The standard deviation of a set of numbers \(x\) is \[sd(x_1, x_2, x_3, ..., x_n) = \sqrt{\frac{ (x_1 - \bar{x})^2 + (x_2 - \bar{x})^2 + ... + (x_n - \bar{x})^2}{n}}.\]
Here, \(\bar{x} = \frac{x_1 + x_2 + ... + x_n}{n}\) is the mean of the x’s.
The standard deviation is the square root of the average squared distance from a datapoint to the mean. If we just measured the average distance to the mean (instead of the square root of the average squared distance), we’d get a similar quantity that’s easier to understand.
In R, we can use sd
to compute the standard deviation:
sd(c(1, 2, 10, 2, 1)) # small
## [1] 3.834058
sd(c(100, 2, 10, 2, 1)) # large
## [1] 43.19722
Let’s generate some numbers from a Gaussian distribution:
nums <- rnorm(n = 200, mean = 20, sd = 15)
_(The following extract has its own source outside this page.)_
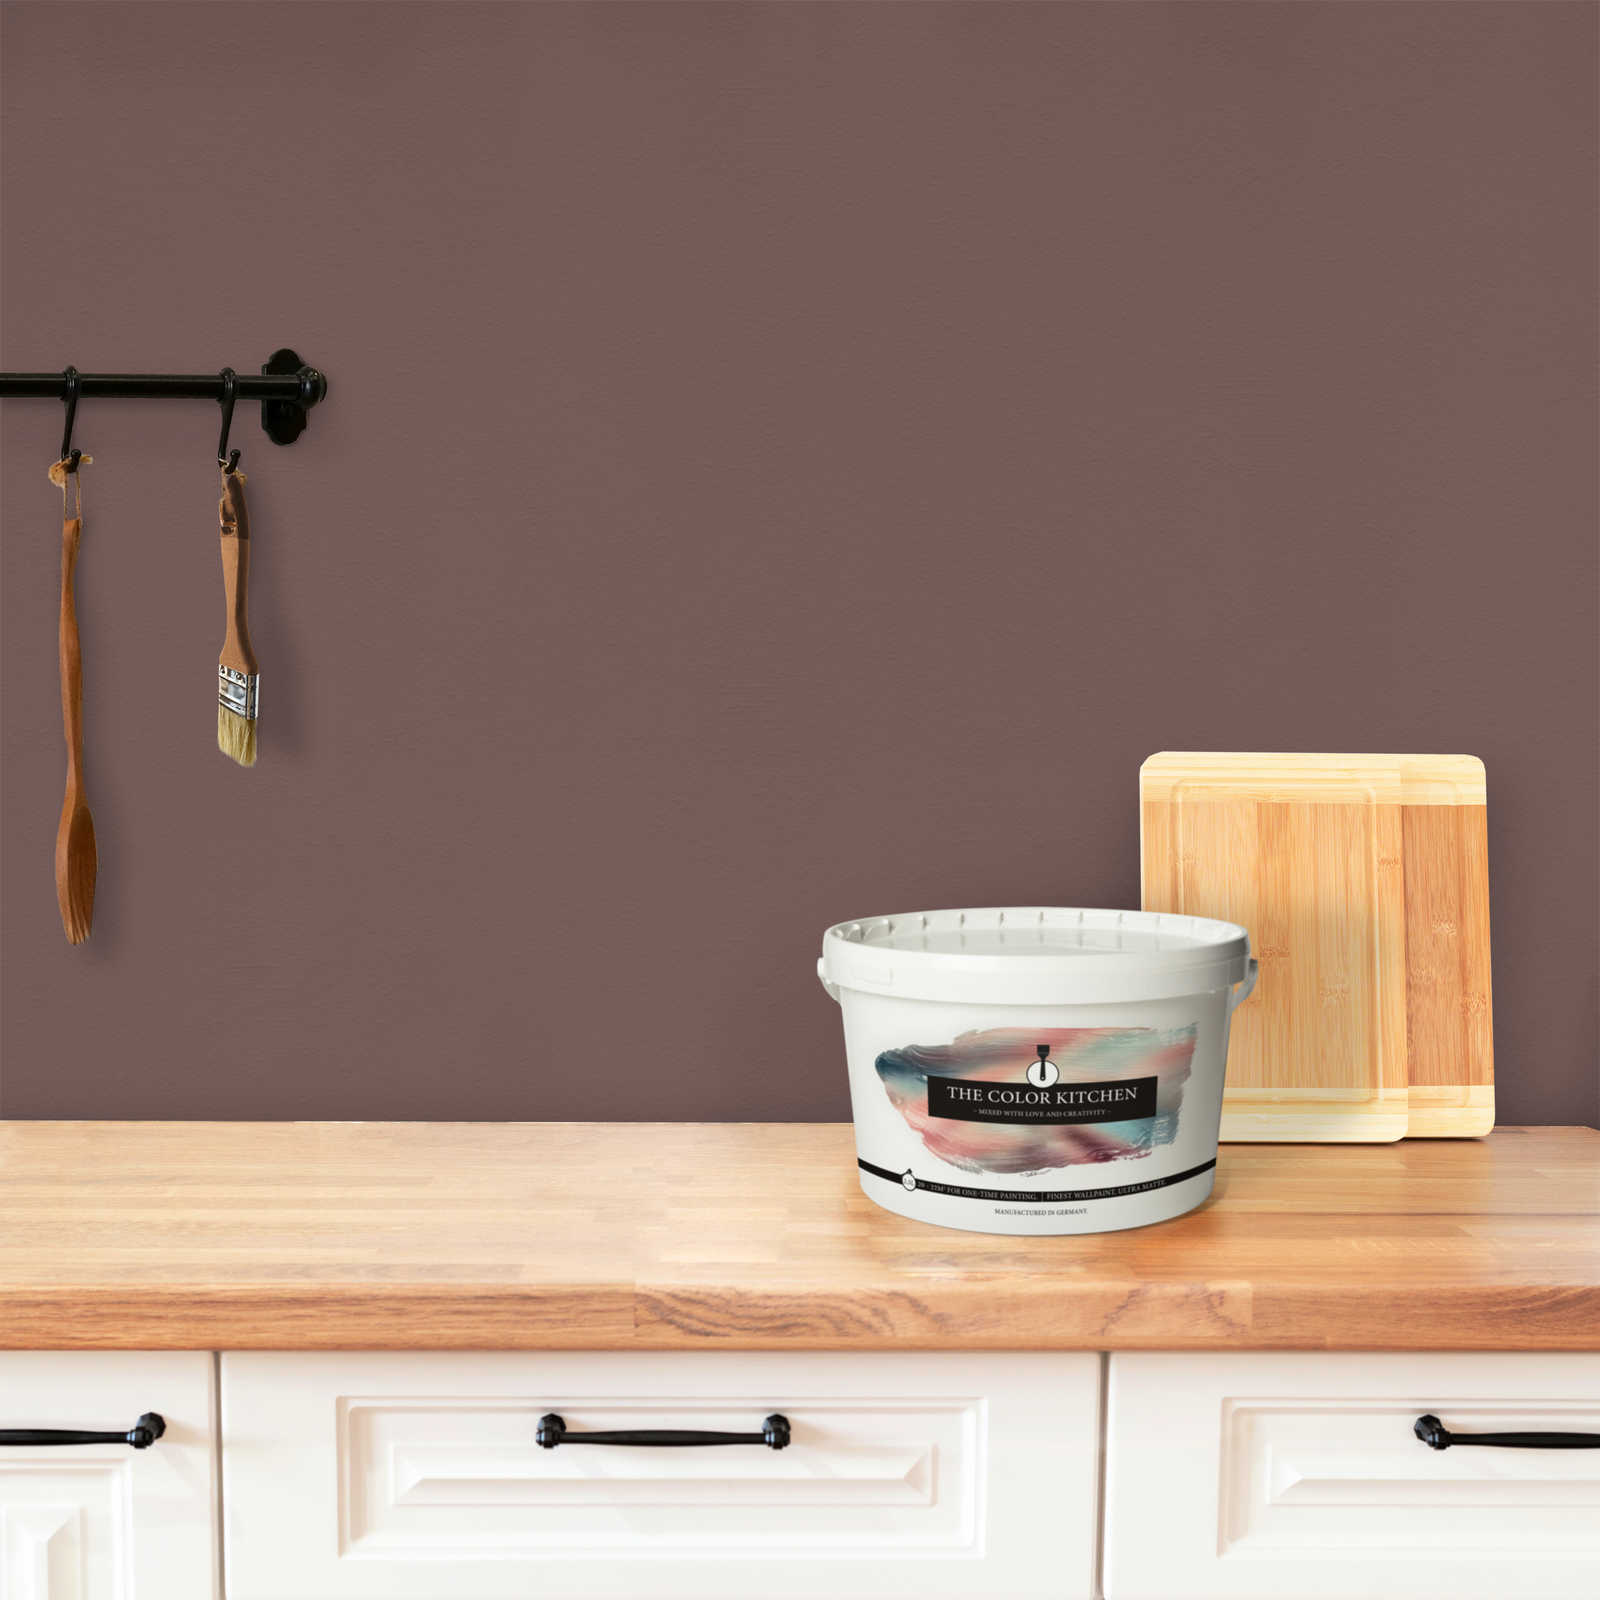             Wall Paint TCK5015 »Passion Fruit« in reddish brown – 2.5 litre

We can now estimate the mean and standard deviation:
mean(nums)
## [1] 20.64939
sd(nums)
## [1] 15.7887
(Actually, \(\sqrt{\frac{n}{n-1}} sd(nums)\) is a better estimate for the standard deviation. We won’t get into detail here, but the issue is that we don’t assume we know the mean, so we estimate the mean using the mean of the 200 numbers, which won’t be exact. So if we just compute the sd
, we’d be systematically underestimating the true standard deviation).
We can estimate many distributions using the Gaussian distribution. You already saw this in action – we can estimate the Binomial distribution using the Gaussian distribution.
set.seed(0)
exp10 <- rbinom(n = 50000, size = 1000, prob = 0.7)
exp10.df <- data.frame(n.heads = exp10)
mean(exp10)
## [1] 700.05
sd(exp10)*sqrt(50000/49999)
## [1] 14.50686
The Gaussian distribution with mean 700 and standard deviation 14.5 would be a good approximation here, empirically.
For \(size\) (number of tosses) large enough (say over 50) and \(prob\) reasonably close to 0.5, we can estimate the binomial distribution using the normal distribution with mean \(size\times prob\) and standard deviation \(\sqrt{size \times prob \times (1-prob)}\).
This is one application of the Central Limit Theorem (we will not get into this much further.)